[DATA SEGMENT — start]
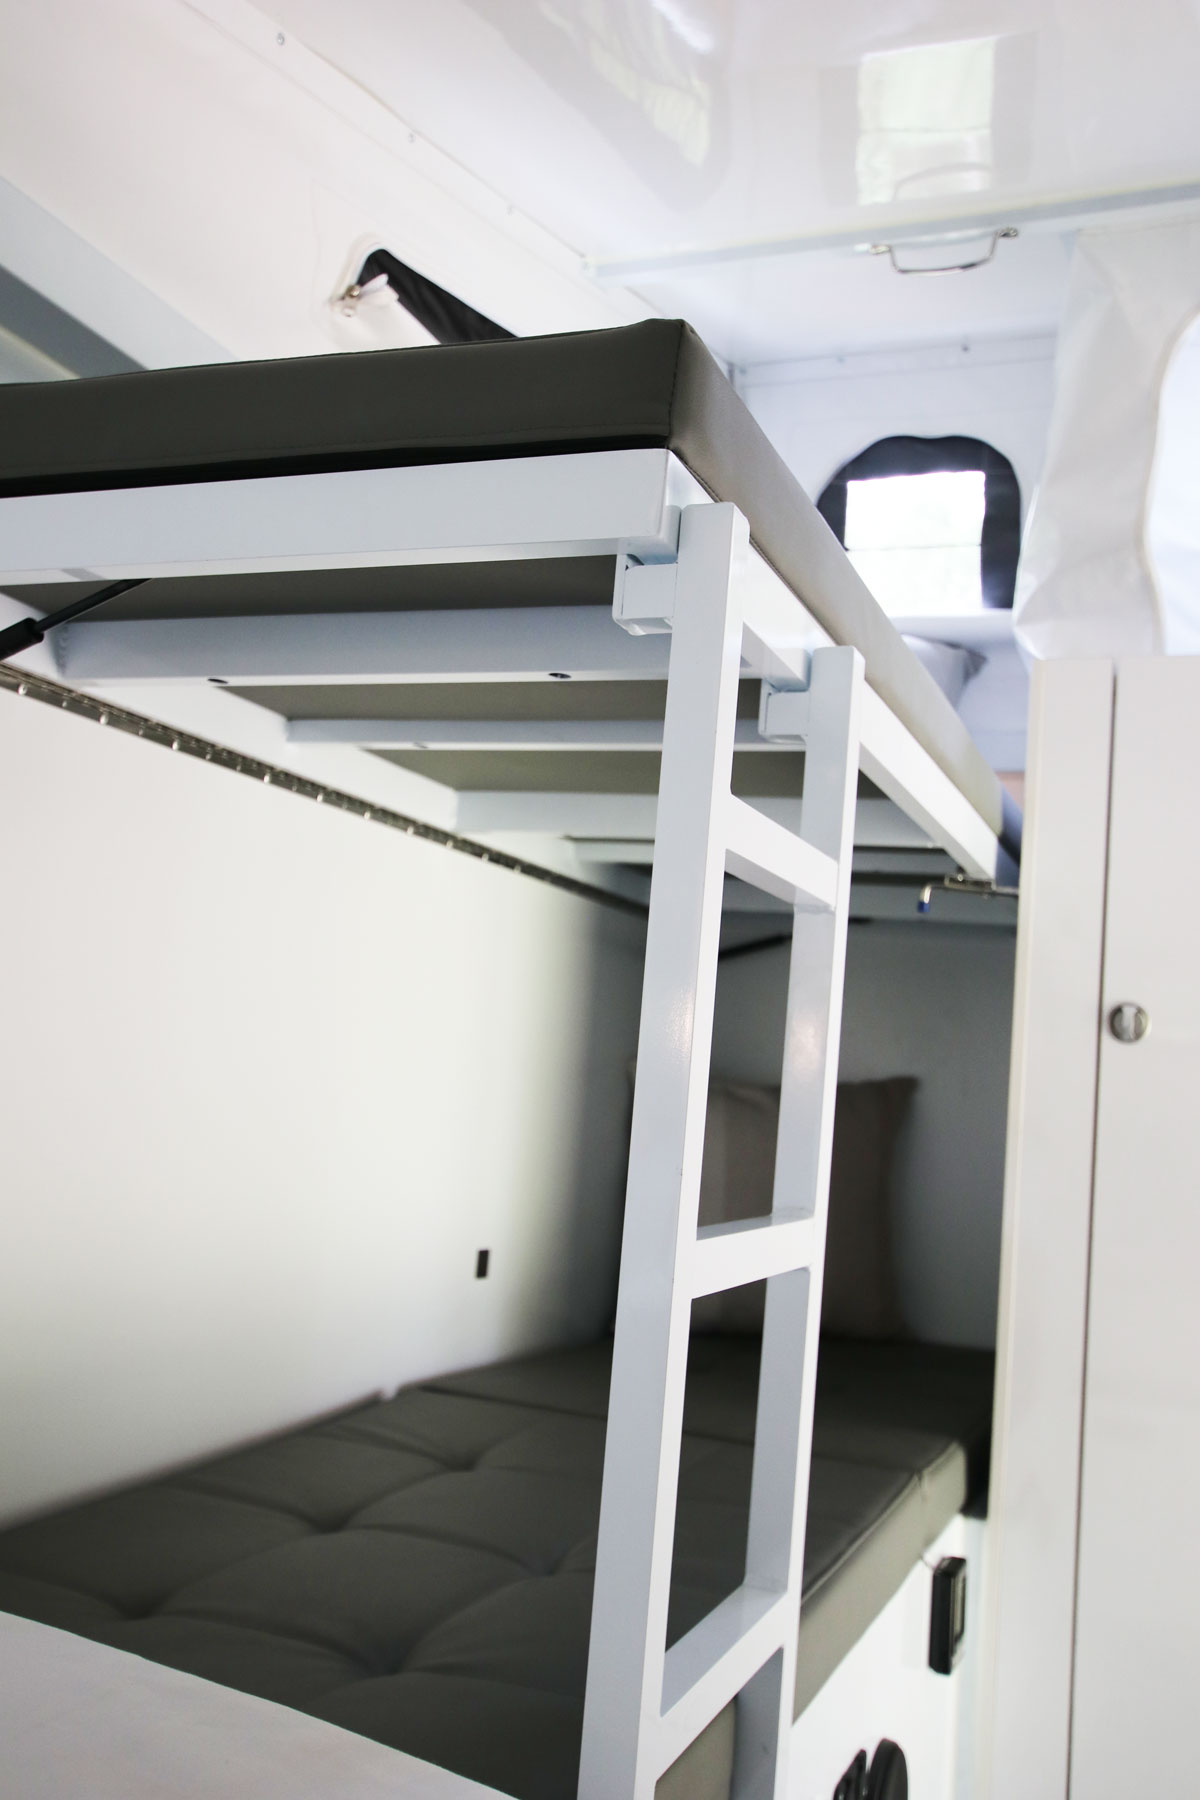 C3P bunk beds
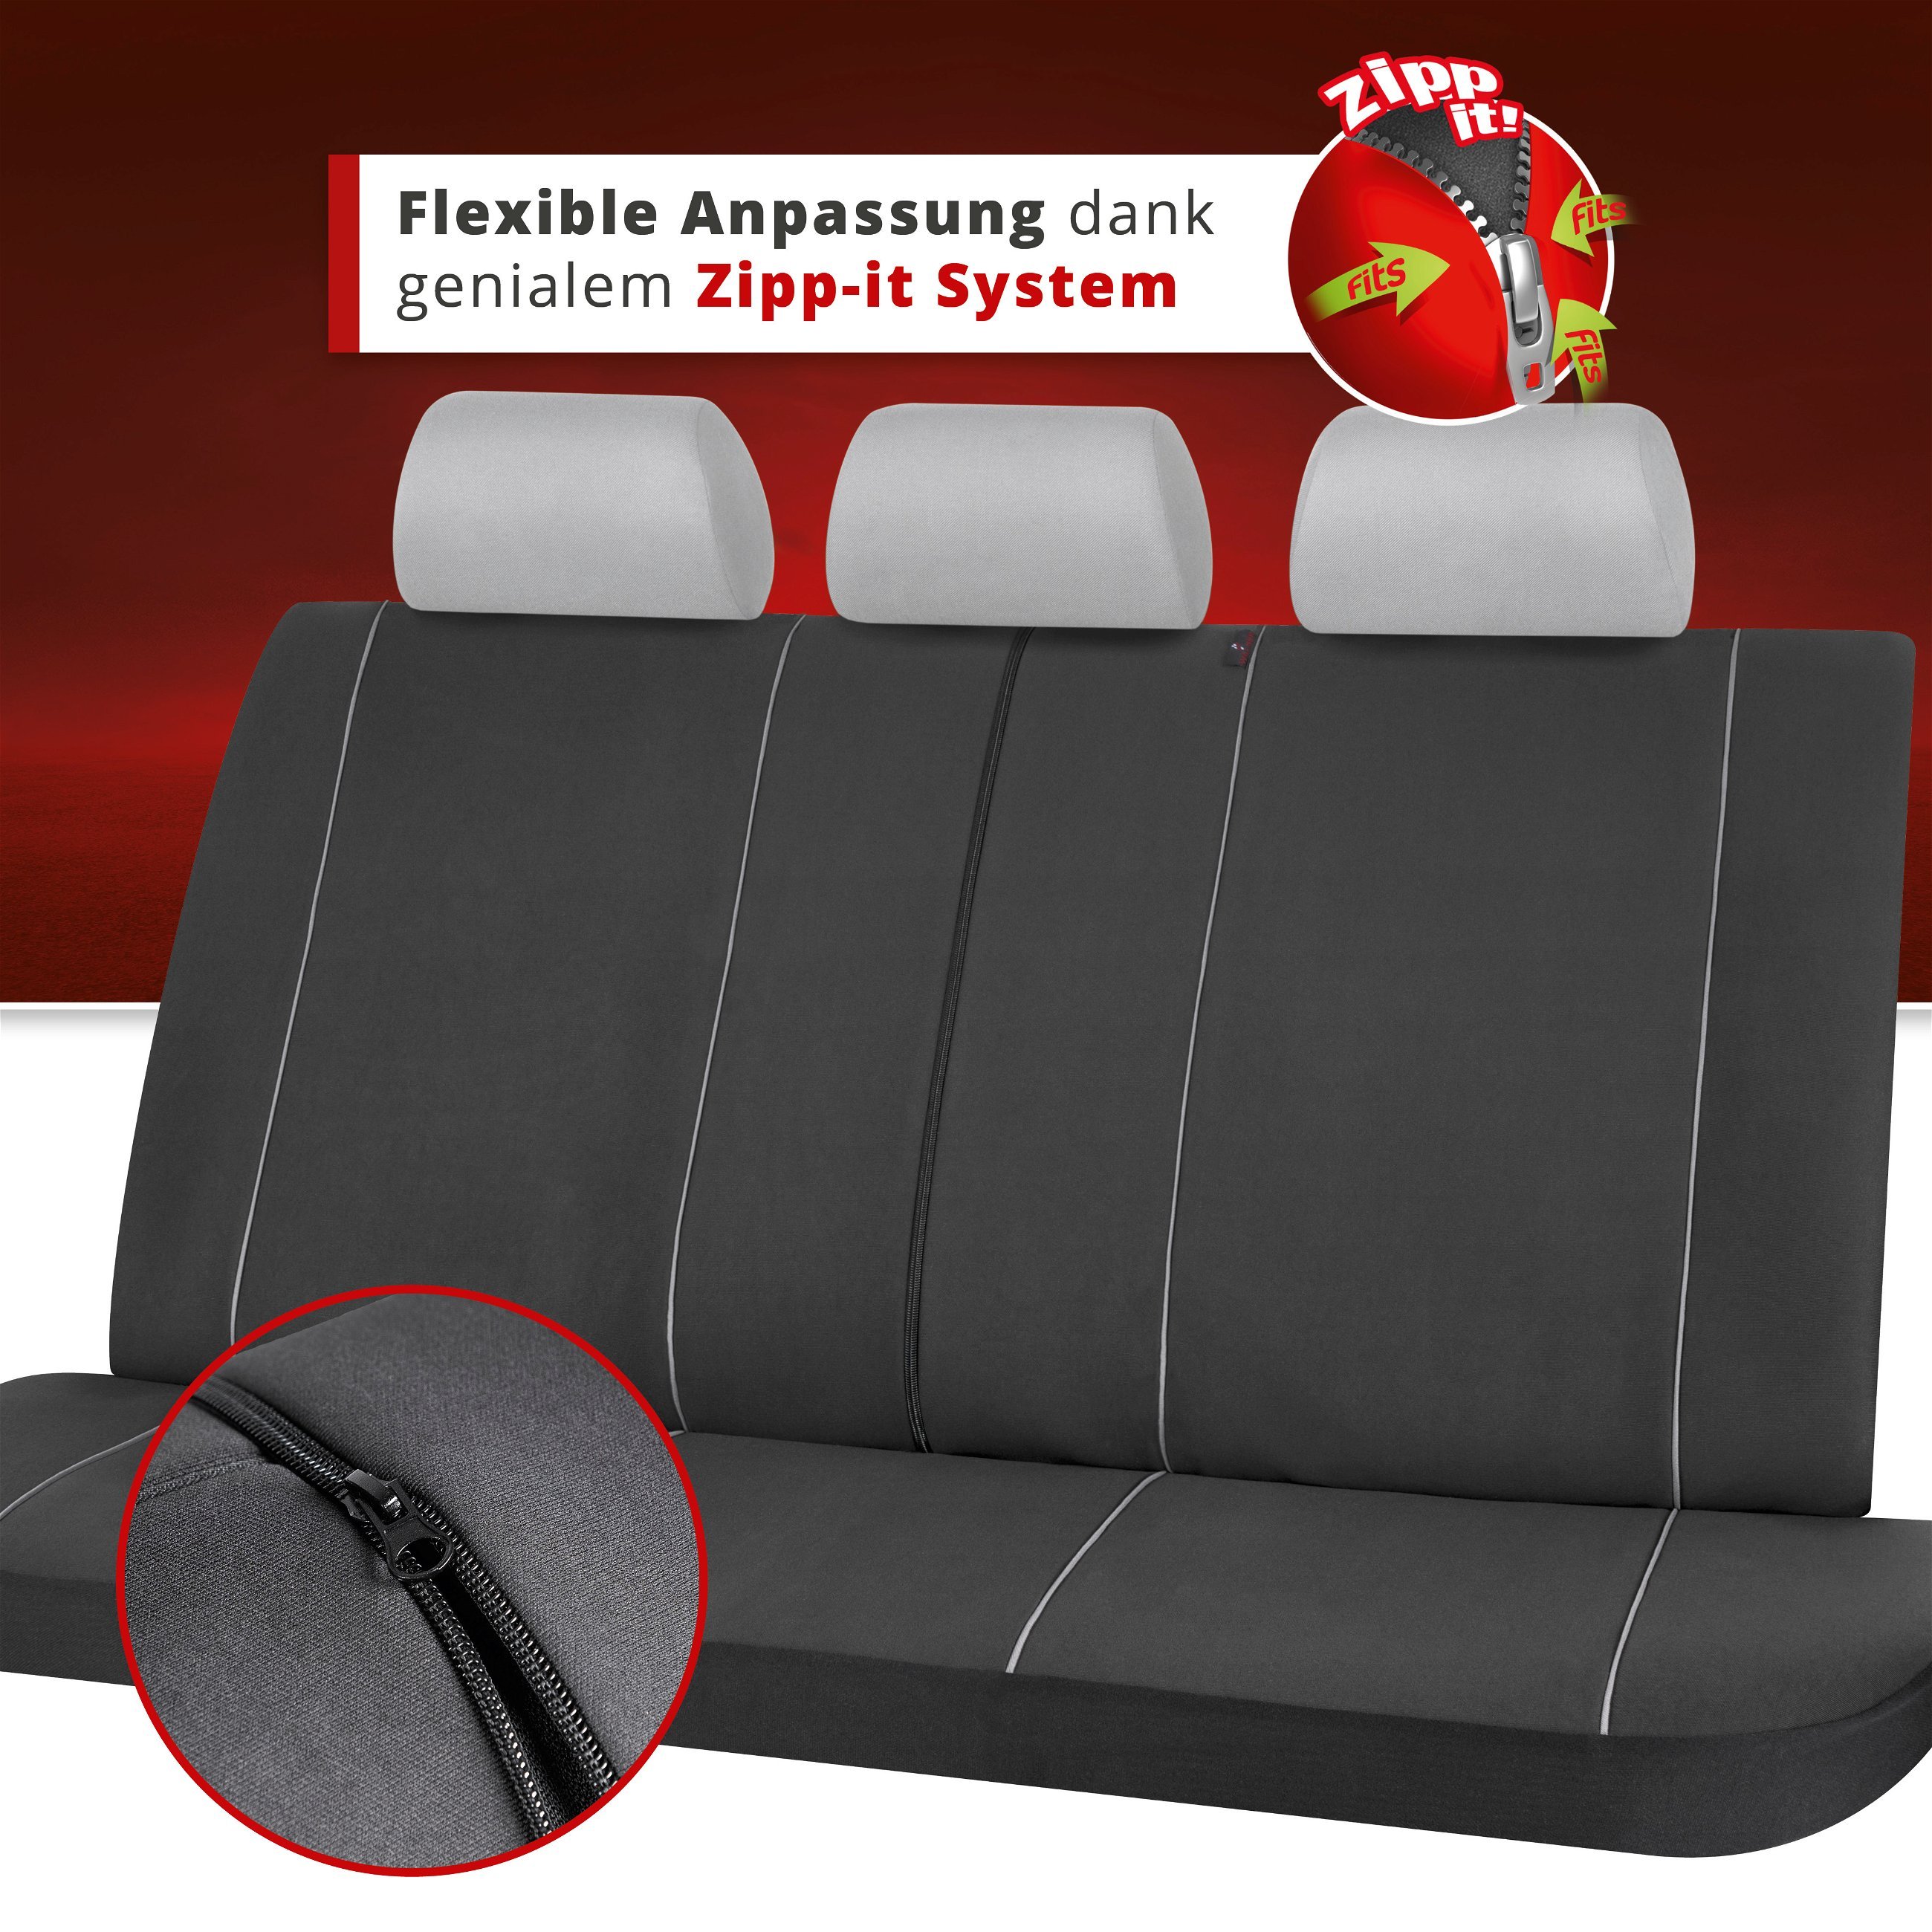 Autositzbezug Modulo, PKW-Schonbezug für Rückbank 3-teilig graphit
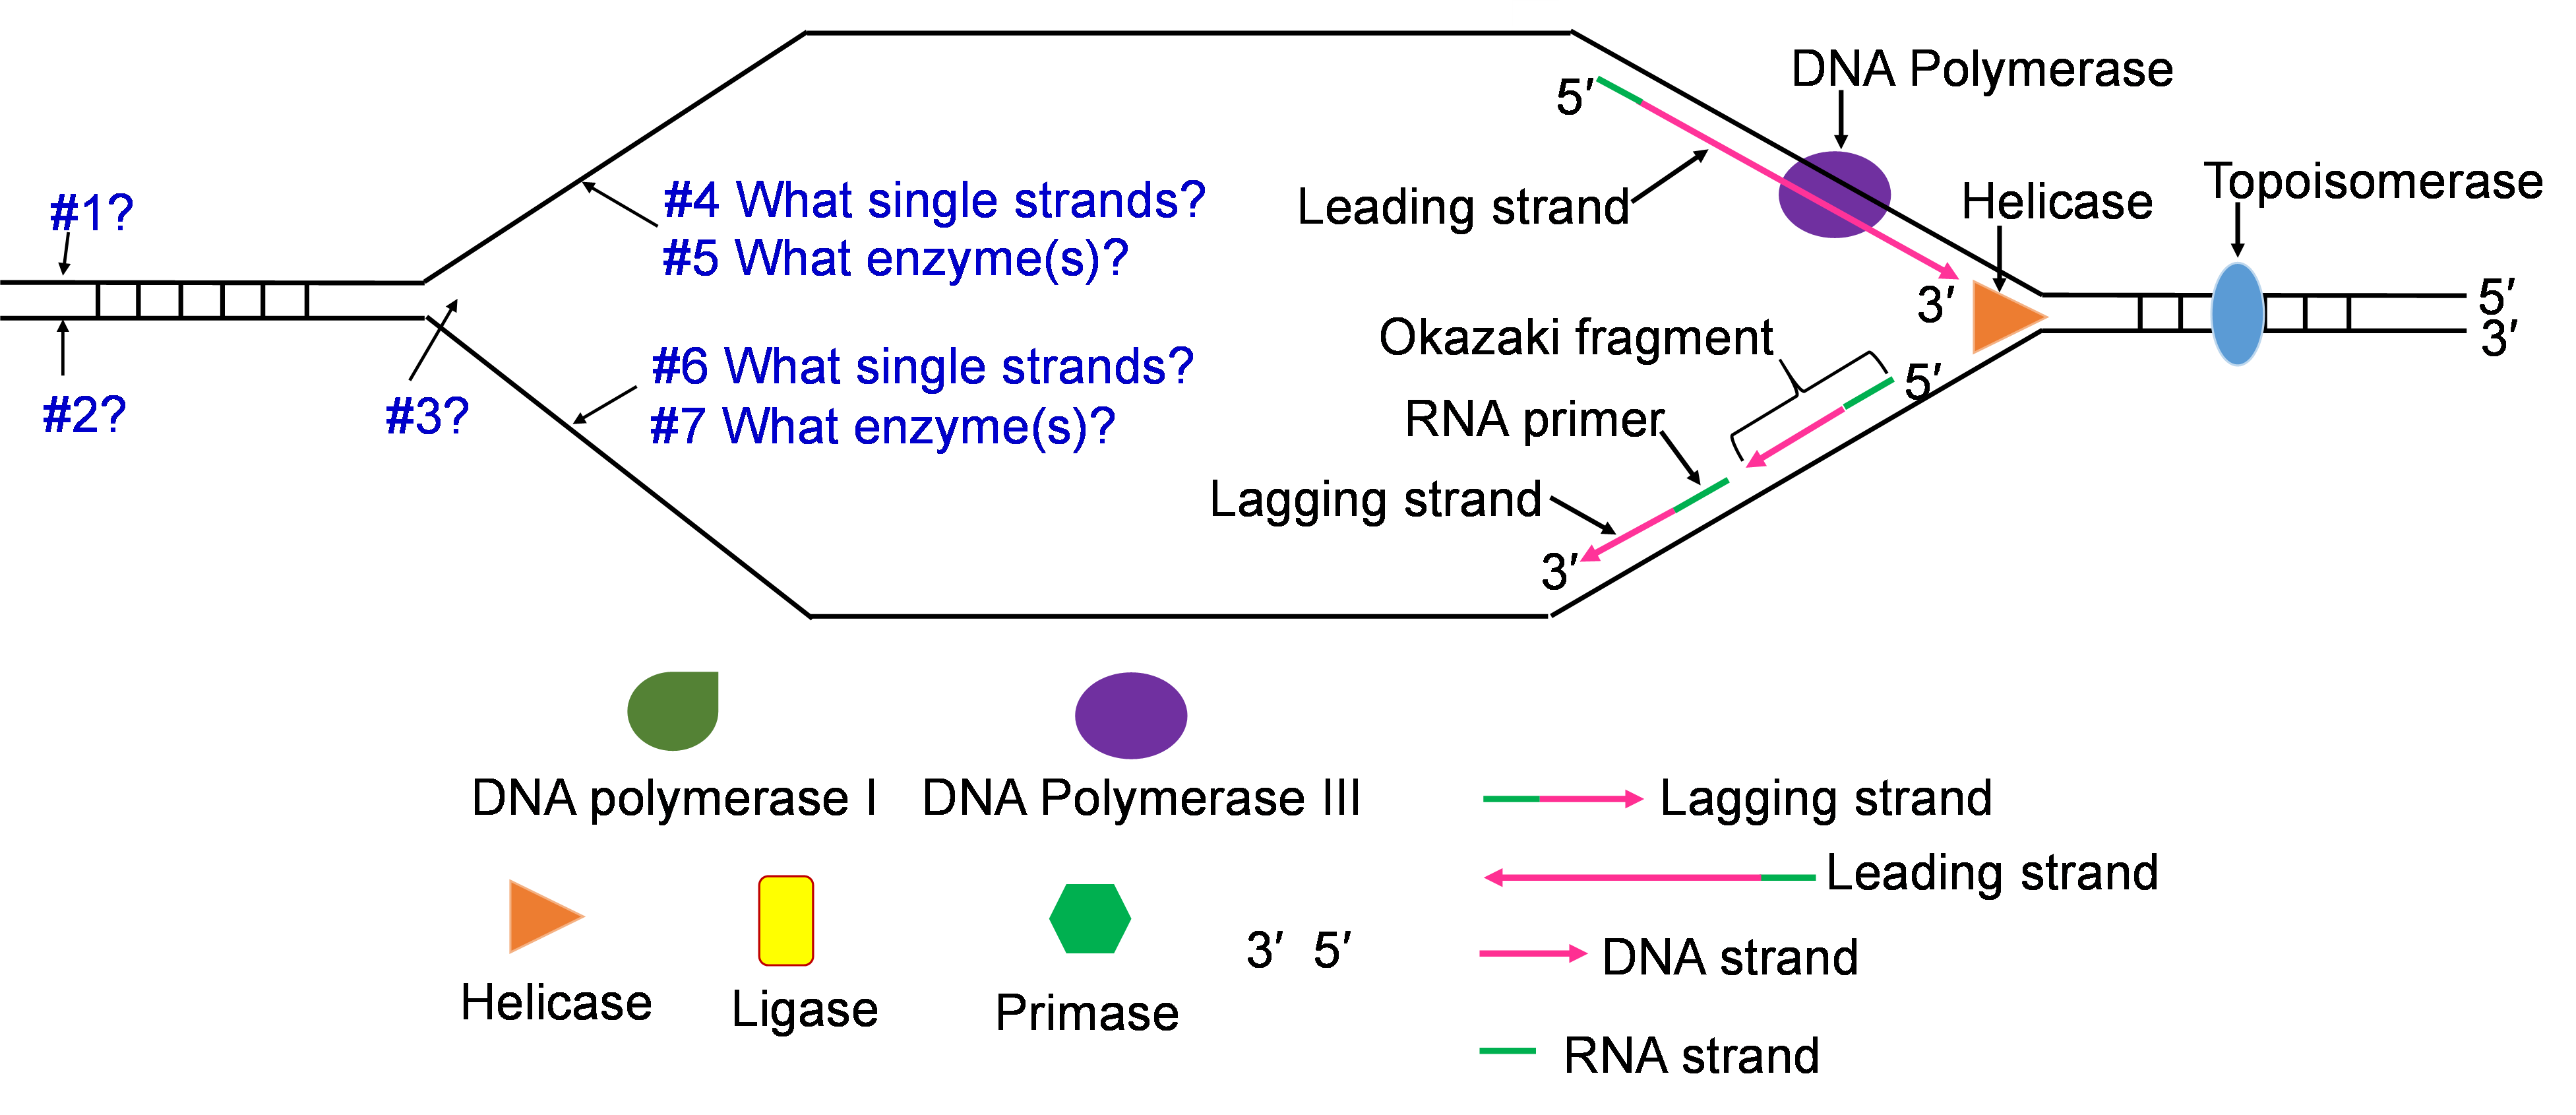 A la izquierda, hay #1 en la línea superior de la hebra y #2 en la línea inferior. #3 se coloca donde la hebra se abre en un embudo. #4 pregunta qué hebras individuales están en la línea superior. #5 pregunta qué enzimas están en la línea superior. #6 pregunta qué hebras individuales están en la línea inferior. #7 pregunta qué enzimas hay en la línea inferior. pregunta qué enzimas están en la línea superior. línea de fondo. A la derecha, la cadena principal es de 5' a 3' con una ADN polimerasa y Helicasa abriendo la hebra. La cadena inferior es de 3' a 5' con una hebra retrasada, cebador de ARN y un fragmento de Okazaki.
[DATA SEGMENT — finish]
▸ **TASK OBJECTIVE**
Images are not wanted in the copy. Please print the material above exactly.

▸ **RESPONSE AREA**
 C3P bunk beds
 Autositzbezug Modulo, PKW-Schonbezug für Rückbank 3-teilig graphit
 A la izquierda, hay #1 en la línea superior de la hebra y #2 en la línea inferior. #3 se coloca donde la hebra se abre en un embudo. #4 pregunta qué hebras individuales están en la línea superior. #5 pregunta qué enzimas están en la línea superior. #6 pregunta qué hebras individuales están en la línea inferior. #7 pregunta qué enzimas hay en la línea inferior. pregunta qué enzimas están en la línea superior. línea de fondo. A la derecha, la cadena principal es de 5' a 3' con una ADN polimerasa y Helicasa abriendo la hebra. La cadena inferior es de 3' a 5' con una hebra retrasada, cebador de ARN y un fragmento de Okazaki.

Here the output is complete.